### Work to complete
Transcribe nothing except the lines below that run from the one with "Adtalem Global Education" to the one with "logo large (transparent PNG)", ends included, and do not copy any picture.

### Recorded data
--- --- ---
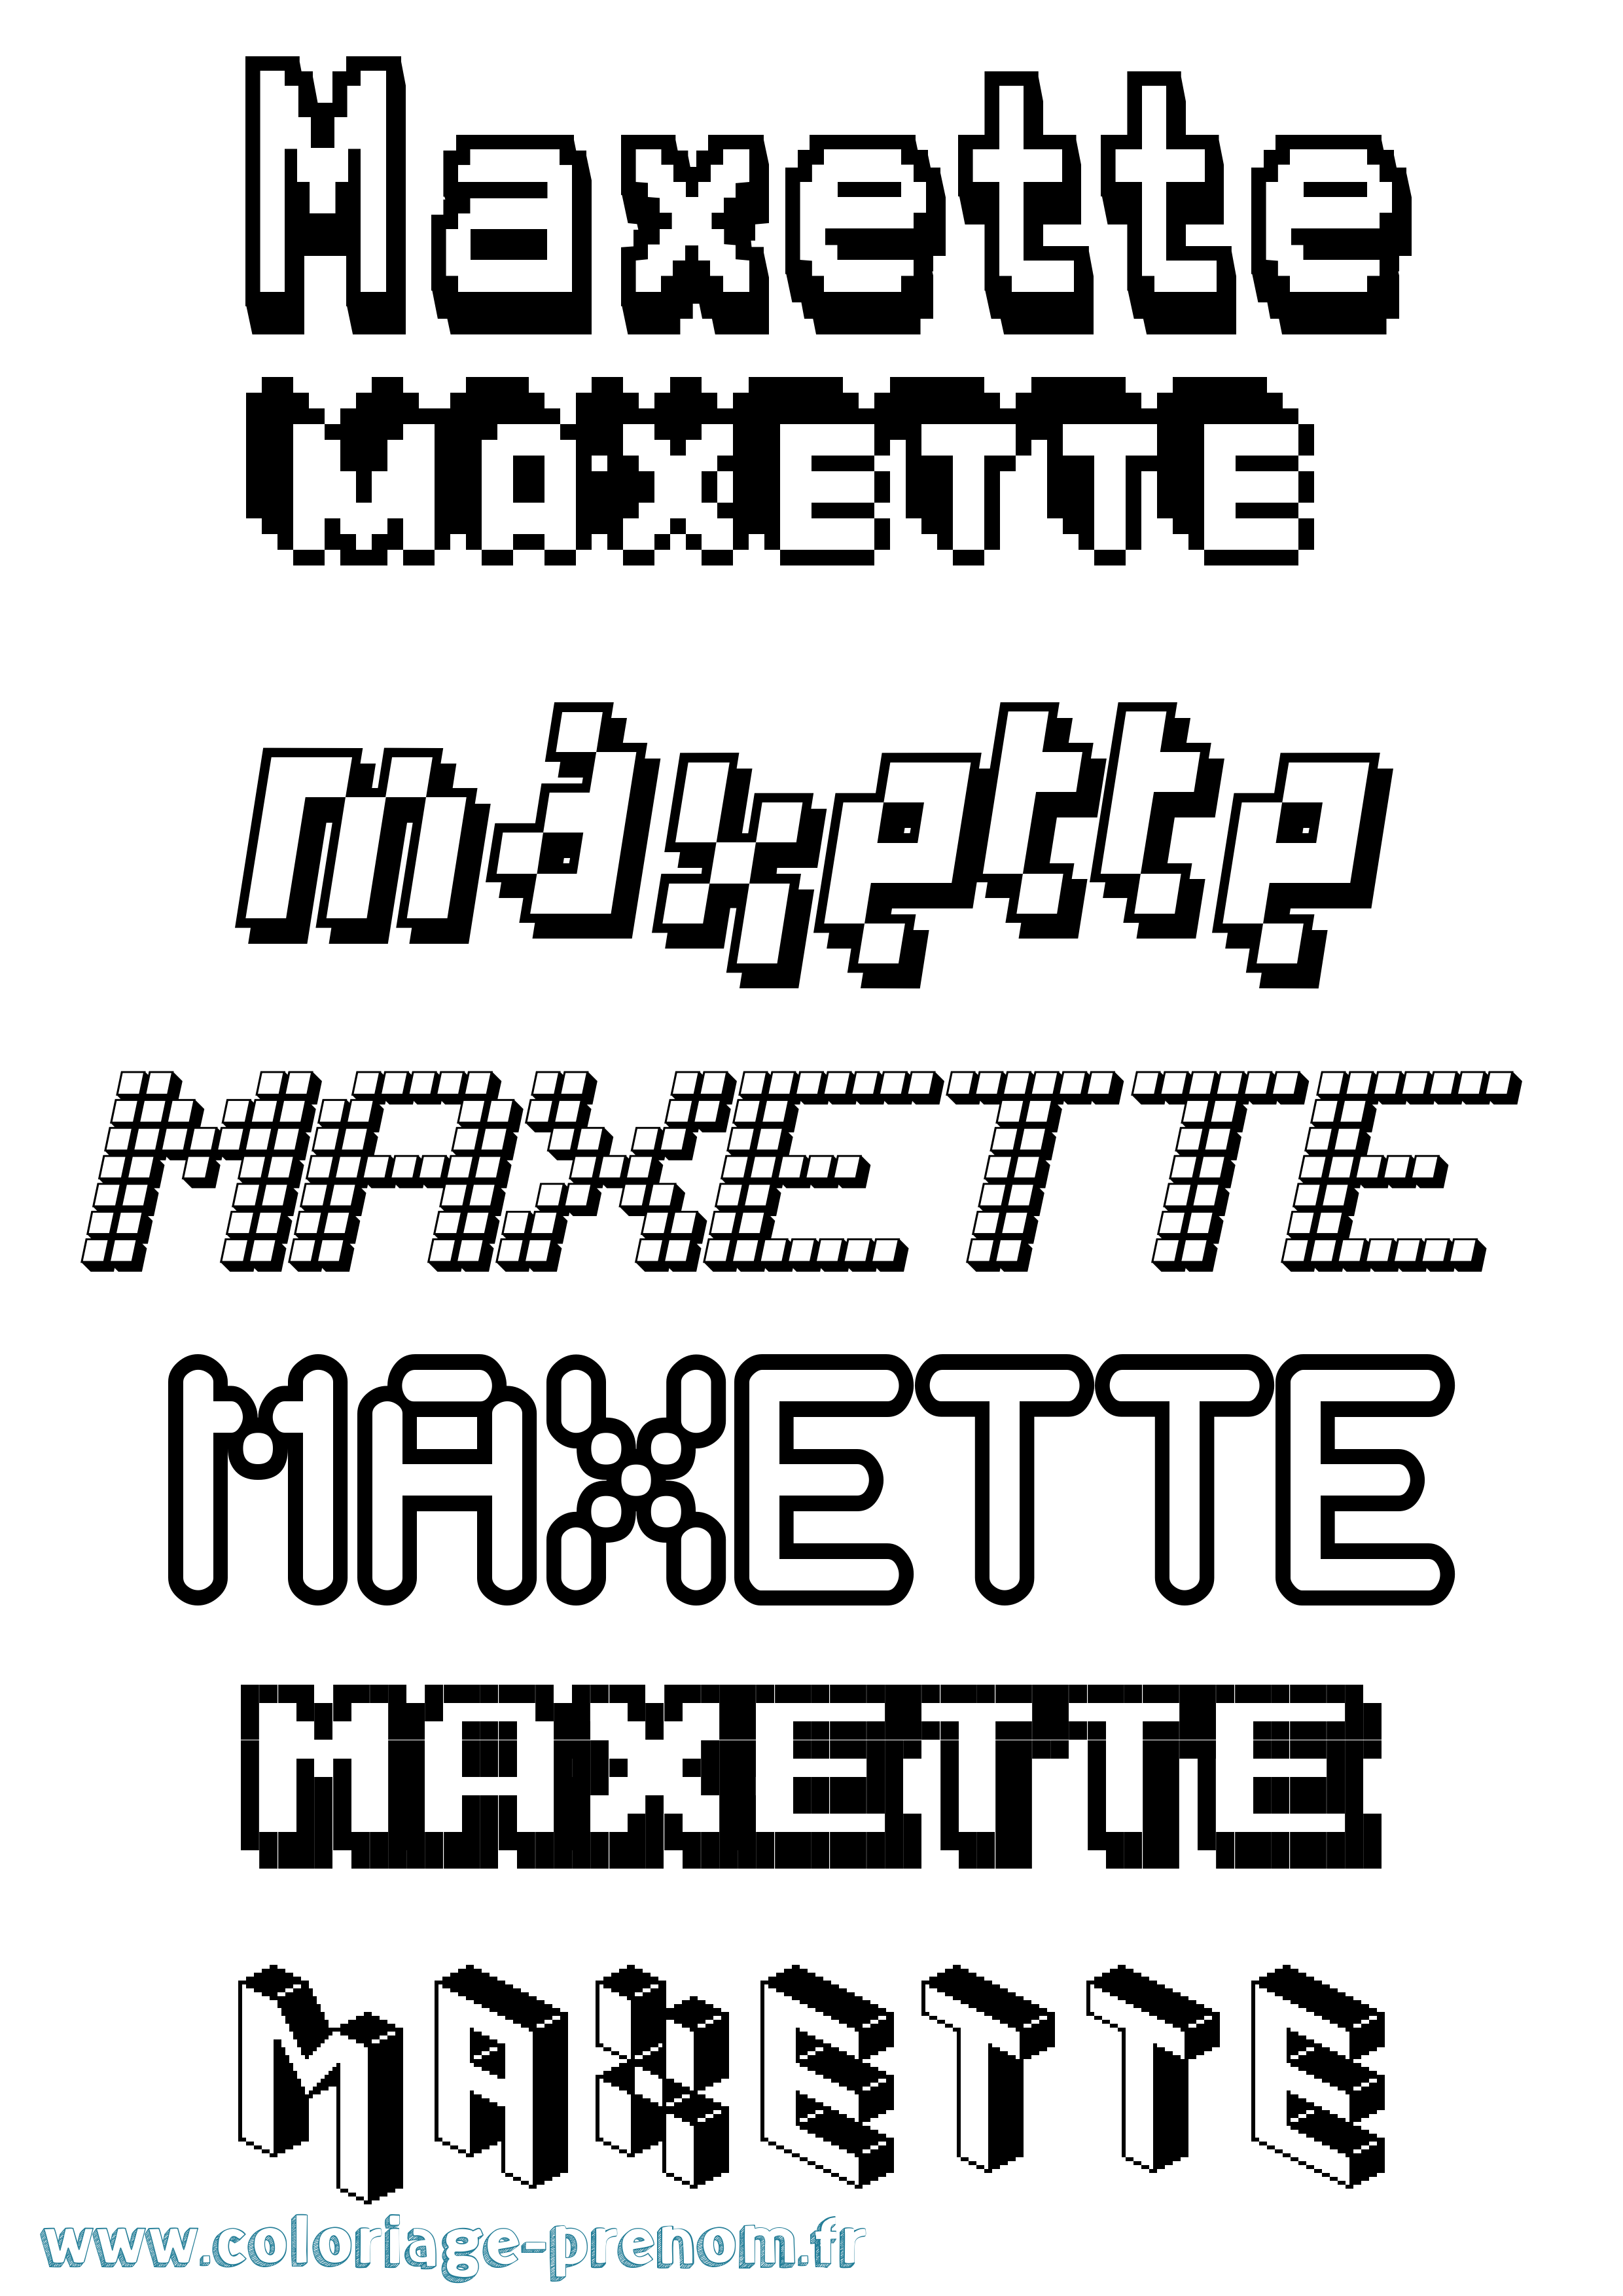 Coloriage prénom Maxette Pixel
--- --- ---
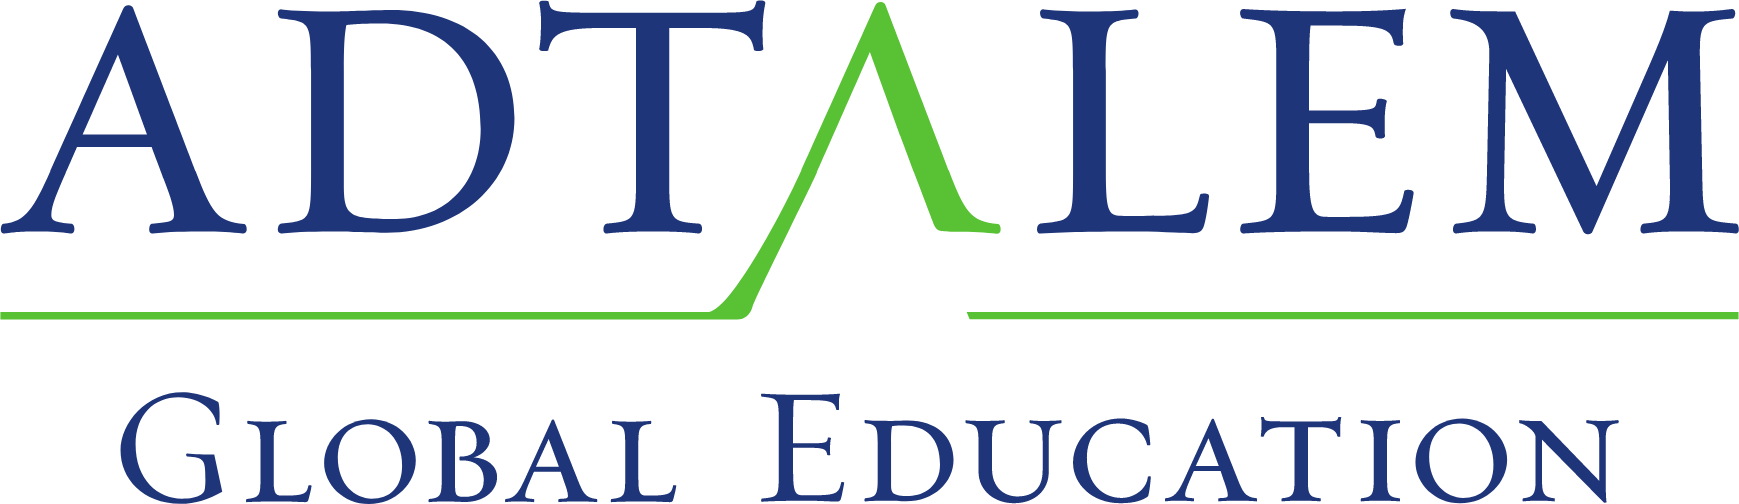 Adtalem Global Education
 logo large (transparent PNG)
--- --- ---
### Solution to the exercise
 Adtalem Global Education
 logo large (transparent PNG)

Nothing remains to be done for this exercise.